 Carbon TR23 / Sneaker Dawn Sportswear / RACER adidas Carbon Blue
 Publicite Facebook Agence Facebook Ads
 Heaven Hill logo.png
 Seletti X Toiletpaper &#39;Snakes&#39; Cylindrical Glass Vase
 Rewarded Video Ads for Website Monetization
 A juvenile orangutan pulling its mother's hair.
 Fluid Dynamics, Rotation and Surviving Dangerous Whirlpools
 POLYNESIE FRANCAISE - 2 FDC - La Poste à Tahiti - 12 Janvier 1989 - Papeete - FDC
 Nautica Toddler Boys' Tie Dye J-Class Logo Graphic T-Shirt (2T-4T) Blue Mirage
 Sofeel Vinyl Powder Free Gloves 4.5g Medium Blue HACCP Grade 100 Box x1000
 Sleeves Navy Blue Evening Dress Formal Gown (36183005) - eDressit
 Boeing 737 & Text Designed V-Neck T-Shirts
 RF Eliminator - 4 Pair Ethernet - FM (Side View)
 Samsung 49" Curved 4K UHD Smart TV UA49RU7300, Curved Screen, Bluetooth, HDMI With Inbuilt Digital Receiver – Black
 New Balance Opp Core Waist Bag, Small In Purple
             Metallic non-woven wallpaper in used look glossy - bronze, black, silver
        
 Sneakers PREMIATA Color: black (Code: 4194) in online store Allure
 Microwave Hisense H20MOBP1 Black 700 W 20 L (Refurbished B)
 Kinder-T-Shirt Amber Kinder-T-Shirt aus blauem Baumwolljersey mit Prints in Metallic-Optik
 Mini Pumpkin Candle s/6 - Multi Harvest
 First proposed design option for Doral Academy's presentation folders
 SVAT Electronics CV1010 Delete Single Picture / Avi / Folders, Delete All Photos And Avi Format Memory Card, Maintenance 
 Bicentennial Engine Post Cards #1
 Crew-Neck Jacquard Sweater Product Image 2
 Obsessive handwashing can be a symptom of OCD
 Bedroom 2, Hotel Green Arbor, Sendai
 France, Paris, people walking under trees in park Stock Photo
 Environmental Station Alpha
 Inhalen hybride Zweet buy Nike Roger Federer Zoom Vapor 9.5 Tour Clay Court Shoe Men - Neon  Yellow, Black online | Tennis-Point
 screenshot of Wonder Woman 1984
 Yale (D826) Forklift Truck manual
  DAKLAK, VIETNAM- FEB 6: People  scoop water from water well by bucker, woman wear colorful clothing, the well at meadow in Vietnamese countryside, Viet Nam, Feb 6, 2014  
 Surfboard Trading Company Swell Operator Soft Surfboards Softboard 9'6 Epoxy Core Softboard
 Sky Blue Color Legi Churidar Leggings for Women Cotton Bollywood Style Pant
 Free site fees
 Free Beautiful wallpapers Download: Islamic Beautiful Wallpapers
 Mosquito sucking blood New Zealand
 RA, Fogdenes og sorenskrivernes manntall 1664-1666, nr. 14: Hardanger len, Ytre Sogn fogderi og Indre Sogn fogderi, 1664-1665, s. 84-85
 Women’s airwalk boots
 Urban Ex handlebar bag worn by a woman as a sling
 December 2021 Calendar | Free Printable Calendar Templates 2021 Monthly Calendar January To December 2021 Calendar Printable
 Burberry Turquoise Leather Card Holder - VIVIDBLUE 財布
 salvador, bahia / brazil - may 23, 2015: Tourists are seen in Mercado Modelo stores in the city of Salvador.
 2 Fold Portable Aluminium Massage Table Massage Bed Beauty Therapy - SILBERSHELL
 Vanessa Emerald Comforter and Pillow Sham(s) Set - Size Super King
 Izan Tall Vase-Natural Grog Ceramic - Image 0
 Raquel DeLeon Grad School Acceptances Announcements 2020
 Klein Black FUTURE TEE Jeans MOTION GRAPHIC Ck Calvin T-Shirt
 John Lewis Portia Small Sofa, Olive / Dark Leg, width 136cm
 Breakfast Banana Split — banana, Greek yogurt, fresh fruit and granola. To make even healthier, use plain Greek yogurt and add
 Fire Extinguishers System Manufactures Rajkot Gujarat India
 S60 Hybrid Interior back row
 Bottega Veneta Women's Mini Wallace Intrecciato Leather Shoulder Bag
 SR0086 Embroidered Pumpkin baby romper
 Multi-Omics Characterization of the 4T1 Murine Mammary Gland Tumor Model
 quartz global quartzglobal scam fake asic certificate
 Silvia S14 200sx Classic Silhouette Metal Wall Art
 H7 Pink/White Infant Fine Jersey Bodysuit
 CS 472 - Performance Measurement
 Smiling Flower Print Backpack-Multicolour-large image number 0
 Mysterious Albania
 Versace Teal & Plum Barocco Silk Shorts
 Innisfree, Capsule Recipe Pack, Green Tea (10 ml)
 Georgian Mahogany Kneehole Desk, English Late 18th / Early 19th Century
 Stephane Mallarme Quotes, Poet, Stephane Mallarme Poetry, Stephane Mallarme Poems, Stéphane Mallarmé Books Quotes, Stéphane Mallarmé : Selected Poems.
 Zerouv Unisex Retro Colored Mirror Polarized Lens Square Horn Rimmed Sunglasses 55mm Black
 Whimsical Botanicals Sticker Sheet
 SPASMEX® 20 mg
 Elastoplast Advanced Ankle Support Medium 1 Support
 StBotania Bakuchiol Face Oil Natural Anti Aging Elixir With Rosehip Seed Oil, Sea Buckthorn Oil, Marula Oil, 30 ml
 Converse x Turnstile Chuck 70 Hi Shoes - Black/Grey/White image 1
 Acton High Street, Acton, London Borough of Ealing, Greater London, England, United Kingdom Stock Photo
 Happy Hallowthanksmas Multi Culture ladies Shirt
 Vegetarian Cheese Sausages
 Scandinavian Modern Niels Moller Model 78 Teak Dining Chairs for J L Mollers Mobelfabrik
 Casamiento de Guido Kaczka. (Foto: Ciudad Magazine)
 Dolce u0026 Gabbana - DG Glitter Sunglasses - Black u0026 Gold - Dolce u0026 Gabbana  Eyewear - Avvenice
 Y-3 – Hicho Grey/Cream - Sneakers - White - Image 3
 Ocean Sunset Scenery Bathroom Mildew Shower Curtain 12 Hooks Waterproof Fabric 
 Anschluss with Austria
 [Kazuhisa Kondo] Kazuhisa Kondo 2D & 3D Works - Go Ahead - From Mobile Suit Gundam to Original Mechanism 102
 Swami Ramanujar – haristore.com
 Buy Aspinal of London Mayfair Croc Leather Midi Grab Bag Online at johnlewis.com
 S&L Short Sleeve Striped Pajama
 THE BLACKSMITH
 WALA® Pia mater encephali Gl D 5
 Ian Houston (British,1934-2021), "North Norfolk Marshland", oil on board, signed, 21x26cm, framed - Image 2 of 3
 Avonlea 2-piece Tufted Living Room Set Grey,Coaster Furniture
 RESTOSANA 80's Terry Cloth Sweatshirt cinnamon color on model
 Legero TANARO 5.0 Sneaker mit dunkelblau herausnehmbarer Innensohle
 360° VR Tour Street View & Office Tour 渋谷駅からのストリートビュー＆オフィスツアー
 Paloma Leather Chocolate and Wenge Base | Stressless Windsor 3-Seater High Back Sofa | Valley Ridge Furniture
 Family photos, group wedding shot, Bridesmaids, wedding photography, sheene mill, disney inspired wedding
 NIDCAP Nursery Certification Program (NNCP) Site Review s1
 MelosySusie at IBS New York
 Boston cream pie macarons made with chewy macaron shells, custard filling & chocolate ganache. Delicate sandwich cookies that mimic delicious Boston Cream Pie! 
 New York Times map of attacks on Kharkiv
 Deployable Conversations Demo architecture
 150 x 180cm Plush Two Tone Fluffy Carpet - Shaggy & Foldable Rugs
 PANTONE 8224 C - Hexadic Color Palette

▶ **Required action**: Look above for the line containing "Free Beautiful wallpapers". Output from there through the line containing "John Lewis Portia", exactly and inclusively.

▶ **Solved problem**:
 Free Beautiful wallpapers Download: Islamic Beautiful Wallpapers
 Mosquito sucking blood New Zealand
 RA, Fogdenes og sorenskrivernes manntall 1664-1666, nr. 14: Hardanger len, Ytre Sogn fogderi og Indre Sogn fogderi, 1664-1665, s. 84-85
 Women’s airwalk boots
 Urban Ex handlebar bag worn by a woman as a sling
 December 2021 Calendar | Free Printable Calendar Templates 2021 Monthly Calendar January To December 2021 Calendar Printable
 Burberry Turquoise Leather Card Holder - VIVIDBLUE 財布
 salvador, bahia / brazil - may 23, 2015: Tourists are seen in Mercado Modelo stores in the city of Salvador.
 2 Fold Portable Aluminium Massage Table Massage Bed Beauty Therapy - SILBERSHELL
 Vanessa Emerald Comforter and Pillow Sham(s) Set - Size Super King
 Izan Tall Vase-Natural Grog Ceramic - Image 0
 Raquel DeLeon Grad School Acceptances Announcements 2020
 Klein Black FUTURE TEE Jeans MOTION GRAPHIC Ck Calvin T-Shirt
 John Lewis Portia Small Sofa, Olive / Dark Leg, width 136cm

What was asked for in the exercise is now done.